Bill S-232 is, in fact, a bill about renewal and hope — renewal in terms of how our society approaches illegal substances, the people who use them and the systems that surround them, and hope that we can look with clear eyes and open minds at the abundance of evidence that exists to guide us through this important moment of necessary change.

Senator Boniface reminded us in her speech that this bill does two things. Firstly:

It mandates conversations between the federal government, the provinces and the territories and other stakeholders so that the federal government can report to Parliament with a national strategy as to how best tackle the epidemic of substance use. The second thing it does is remove the criminal sanctions from the Controlled Drugs and Substances Act for simple possession, also known as decriminalization.
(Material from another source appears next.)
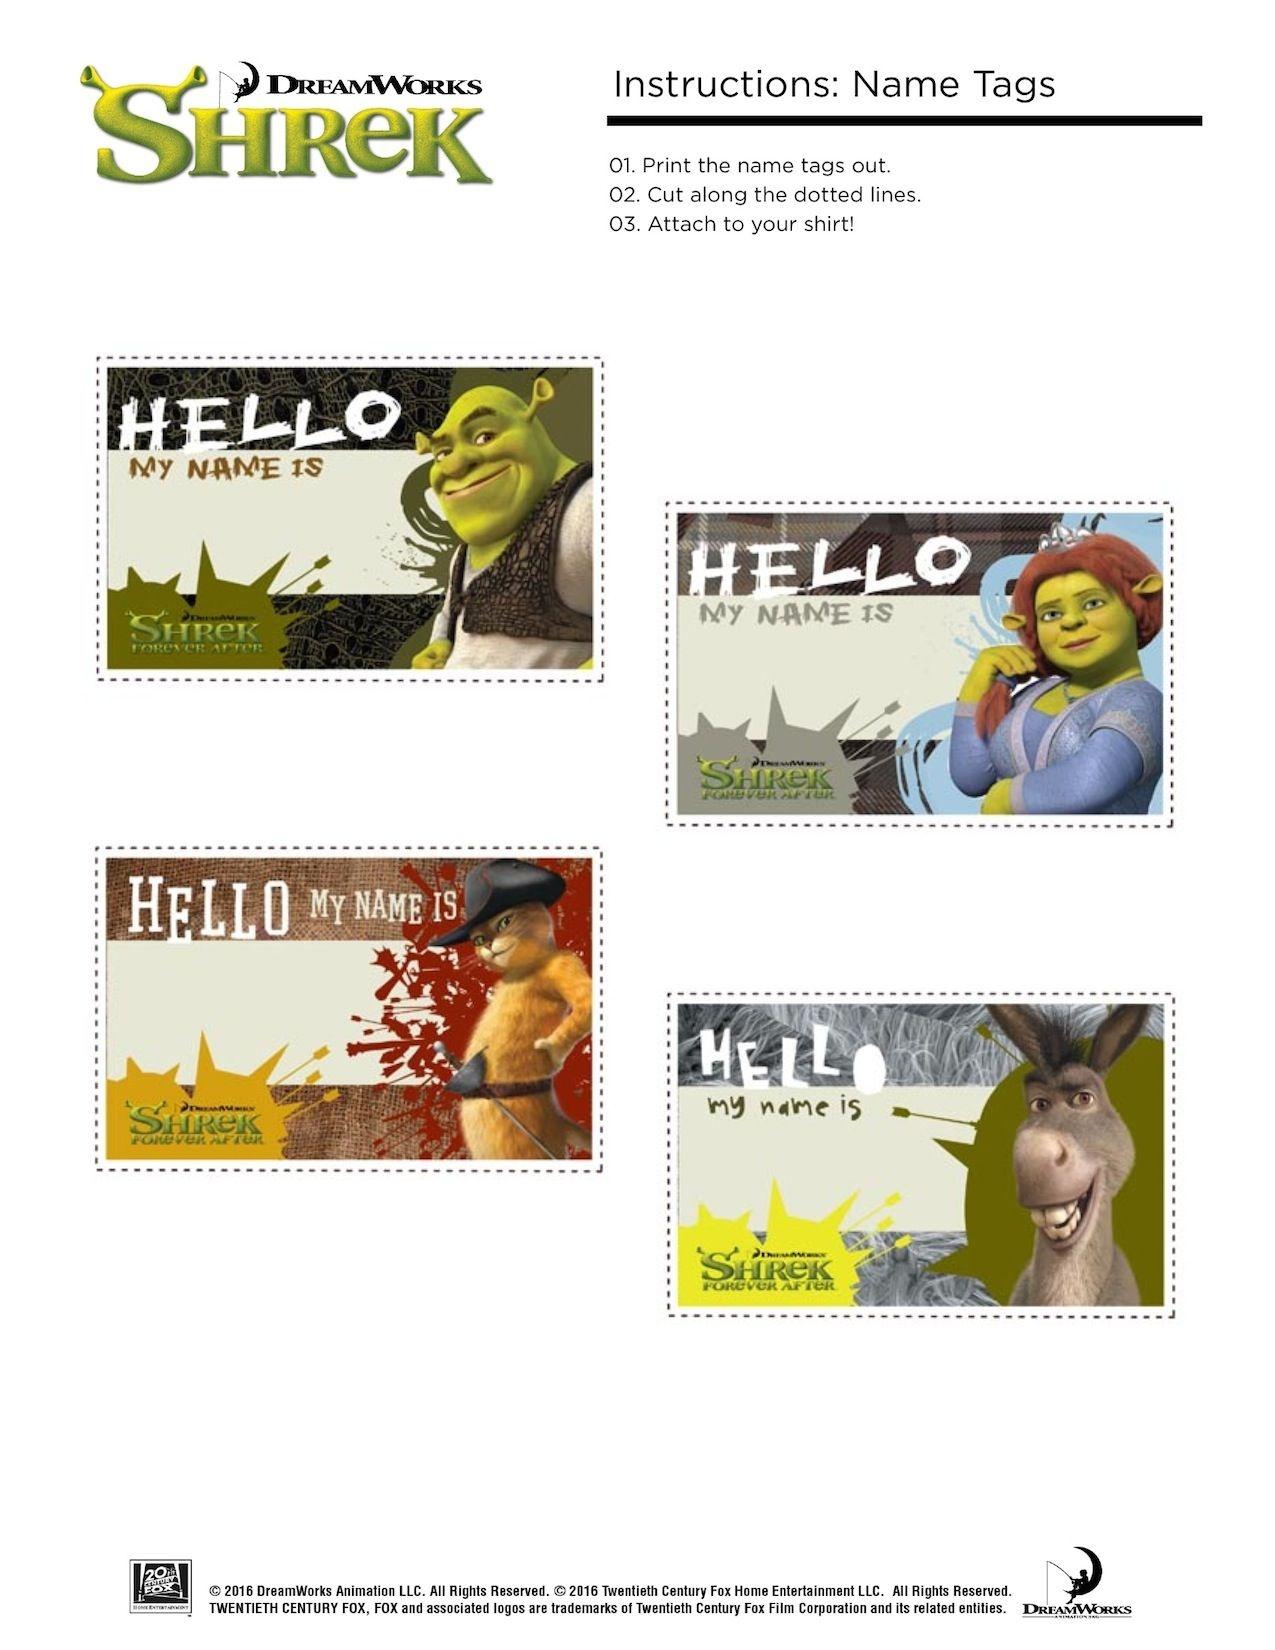 Free Printable Shrek Birthday Party: Invitation, Game, Party Hat - Free Printable Shrek Invitations

The bill’s short title, the “Health-Centred Approach to Substance Use Act,” signals the shift in approach. Our colleagues Senators Pate, Campbell, White, Busson, Dean and Ravalia have weighed in with important perspectives from their front-line experiences in support of this bill and Senator Boniface’s previous one, Bill S-229.

My intention today is to add to the debate by speaking first to the broader issues of substance use and substance use health, then touch on the limitations and adverse effects of criminalization — otherwise known as prohibition — highlighting recommendations from studies from over the past 50 years, bringing forward voices from last week’s United Nations Commission on Narcotic Drugs held in Vienna and end by encouraging us to get this important and long-overdue bill to committee for the in-depth study that it deserves.

Honourable colleagues, Dr. Marc-Antoine Crocq in his article “Historical and cultural aspects of man’s relationship with addictive drugs” indicates:

Our taste for addictive psychoactive substances is attested to in the earliest human records. Historically, psychoactive substances have been used by (i) priests in religious ceremonies . . . (ii) healers for medicinal purposes . . . or (iii) the general population in a socially approved way . . . . Pathological use was described as early as classical Antiquity.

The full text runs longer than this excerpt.